▶ [Exercise]:
Word-for-word transcription: reproduce all of the data, but not the pictures.

▶ [Dataset content]:
*** Block opens ***

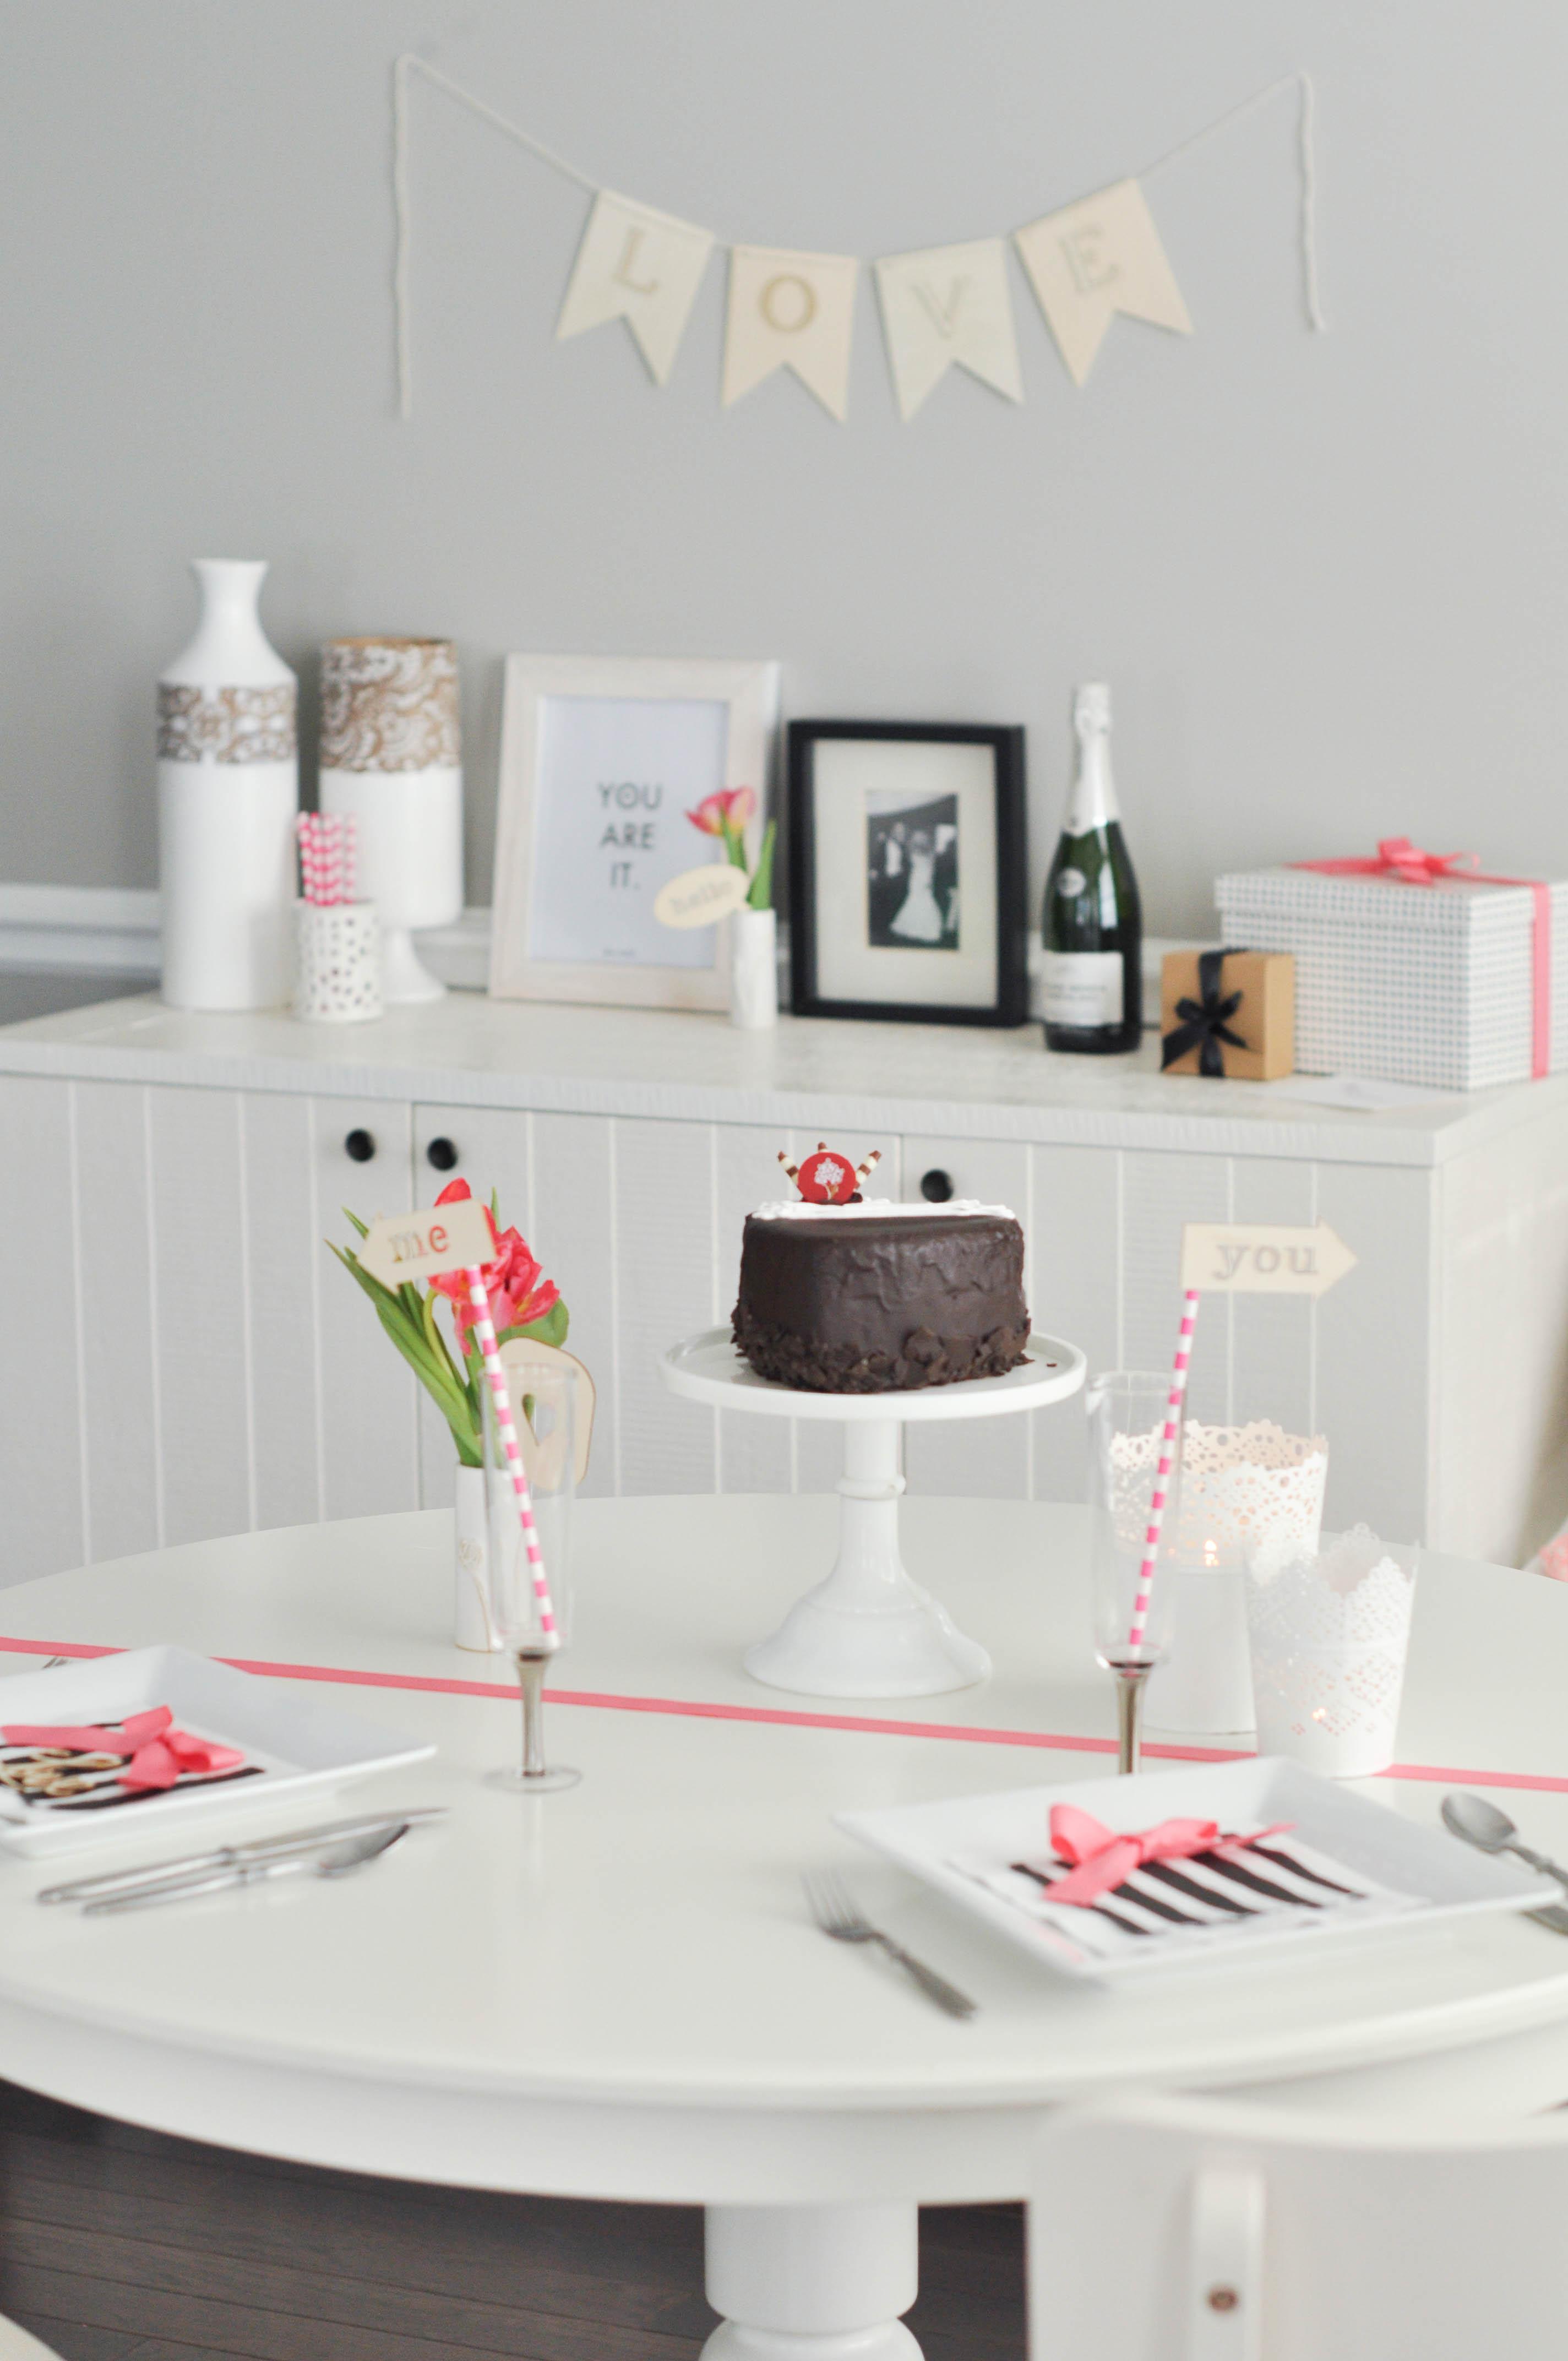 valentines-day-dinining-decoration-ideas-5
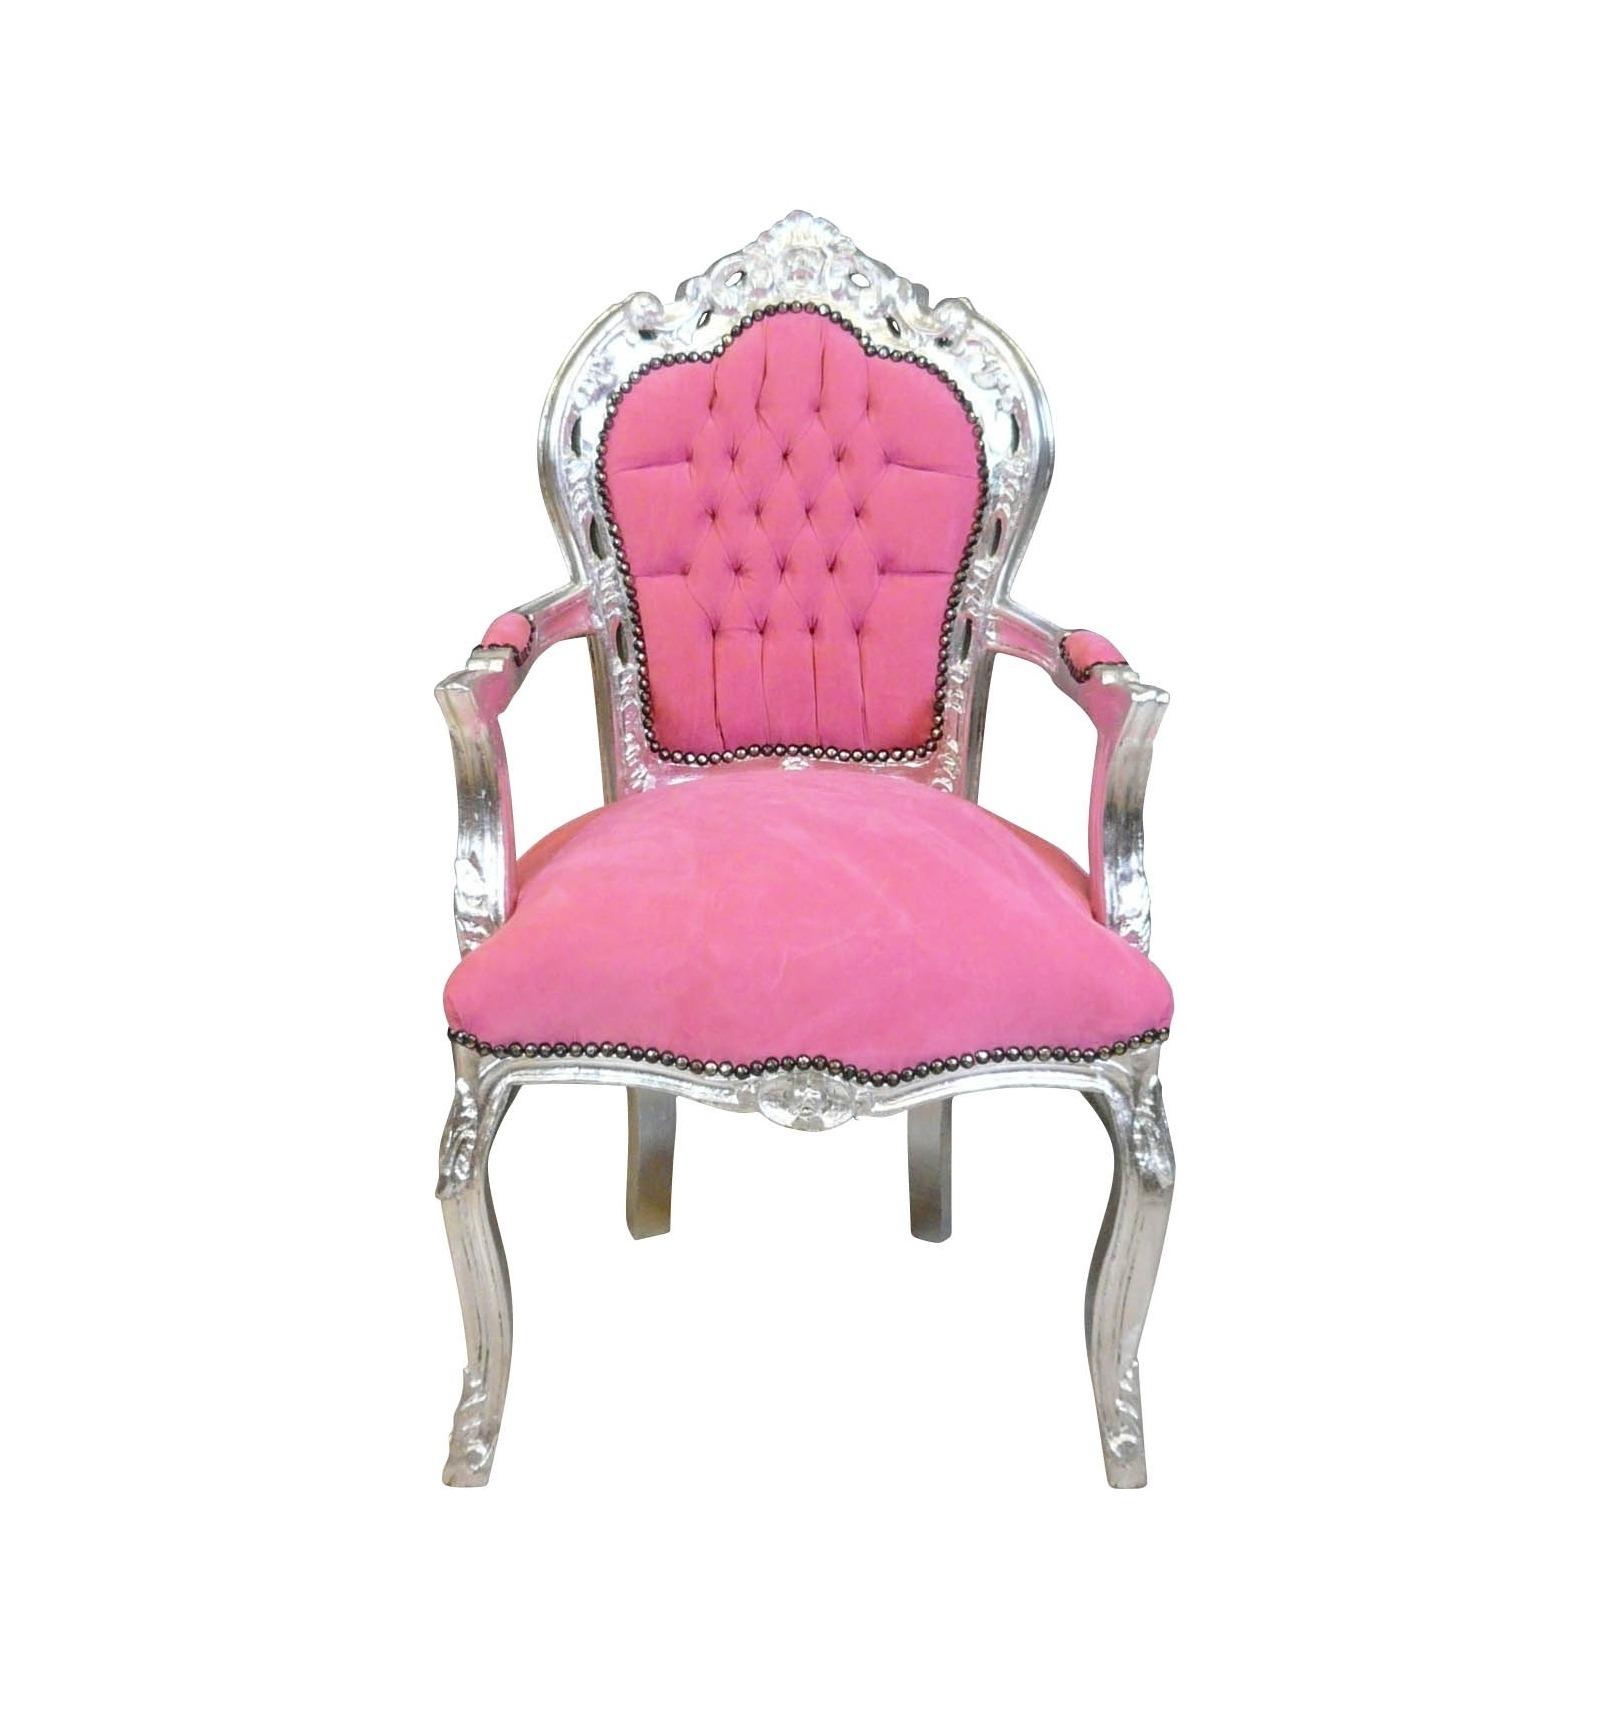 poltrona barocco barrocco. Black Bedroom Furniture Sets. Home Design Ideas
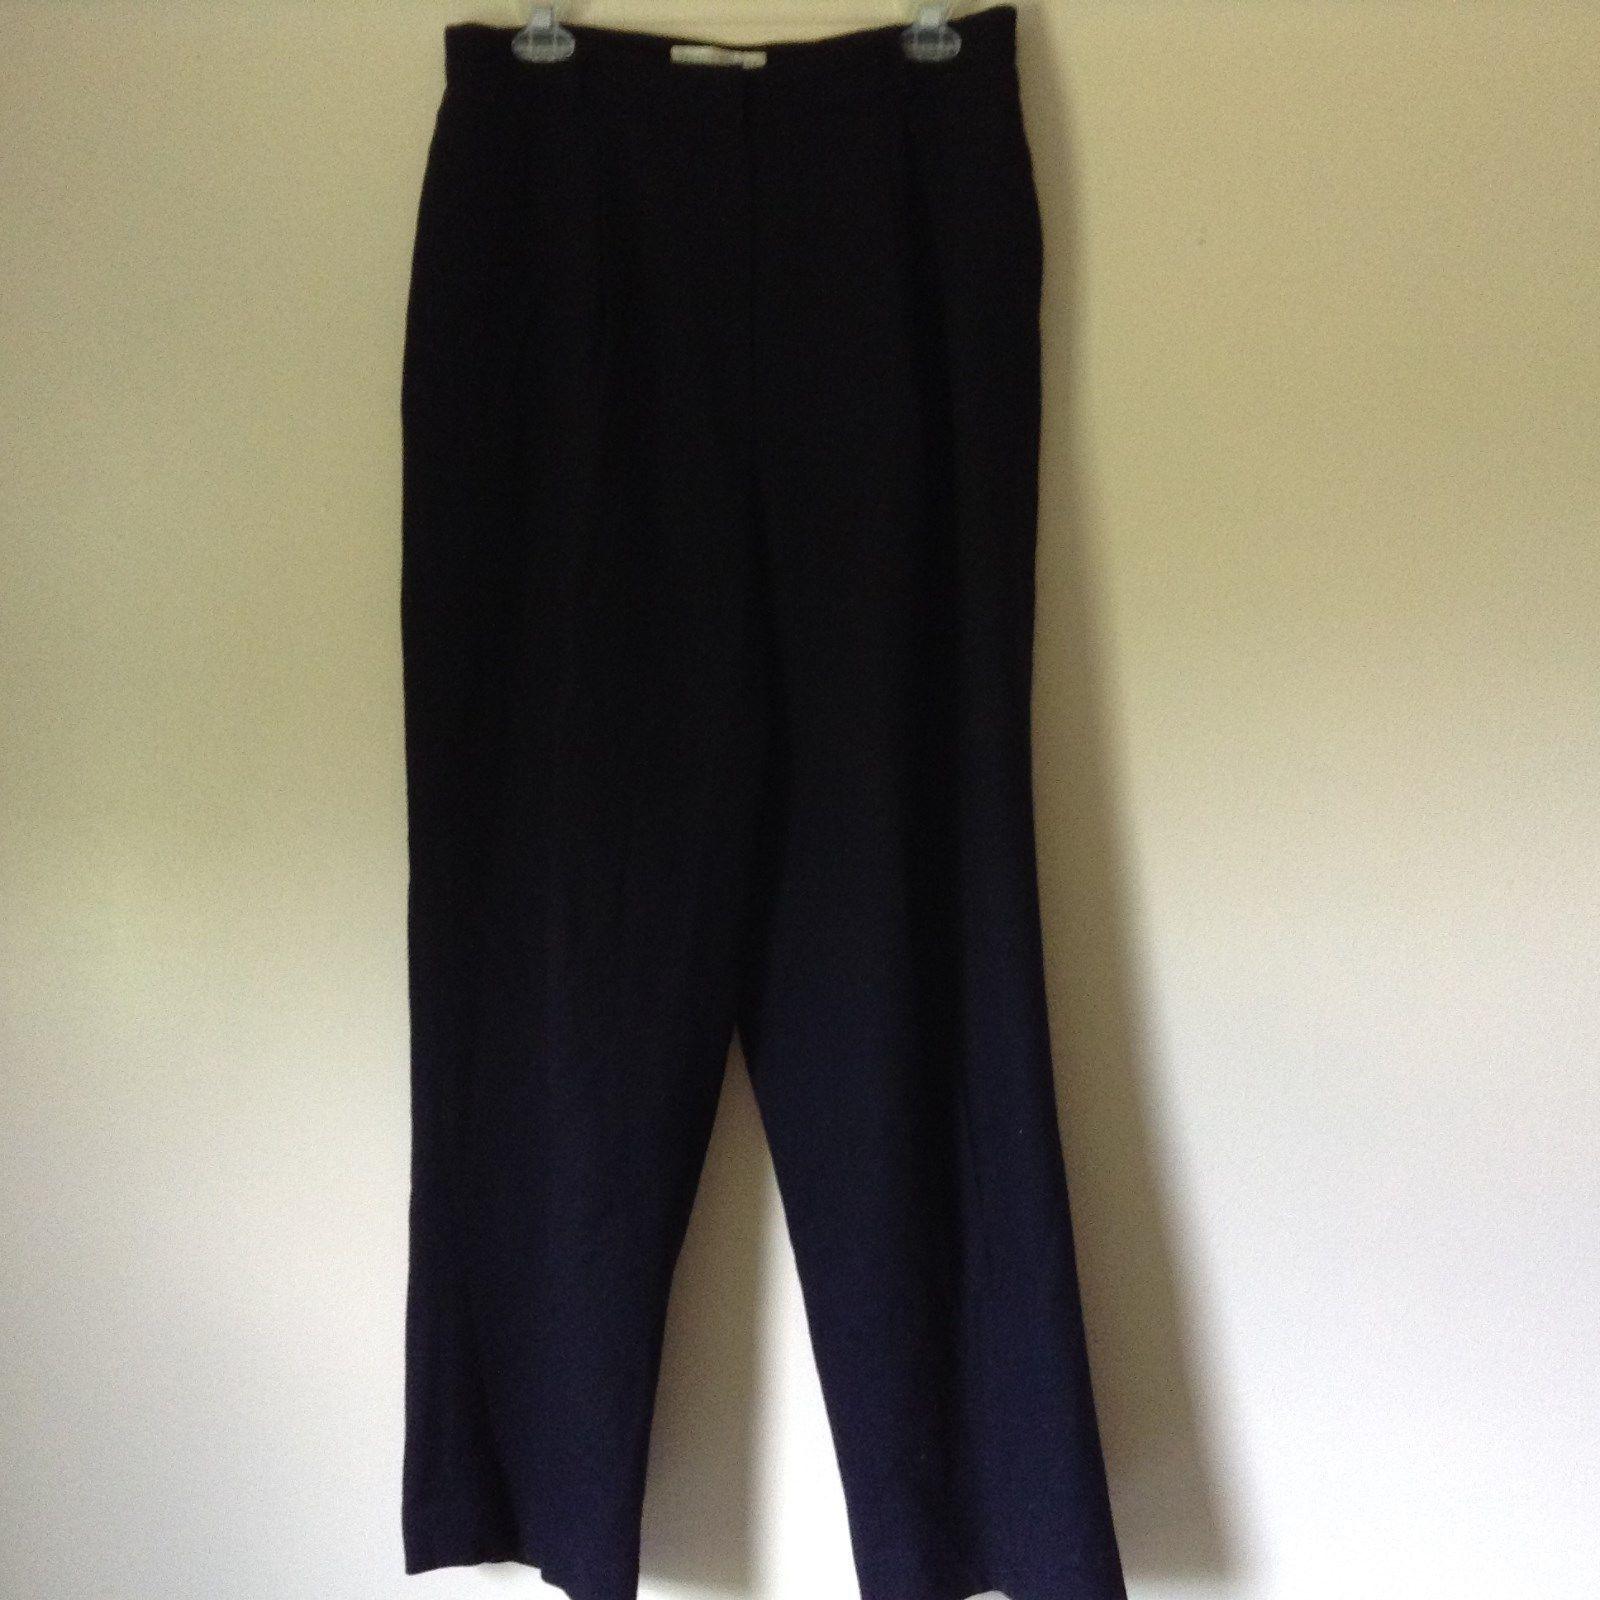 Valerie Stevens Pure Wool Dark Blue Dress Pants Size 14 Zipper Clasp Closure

*** Block closes ***

▶ [Final answer]:
 valentines-day-dinining-decoration-ideas-5
 poltrona barocco barrocco. Black Bedroom Furniture Sets. Home Design Ideas
 Valerie Stevens Pure Wool Dark Blue Dress Pants Size 14 Zipper Clasp Closure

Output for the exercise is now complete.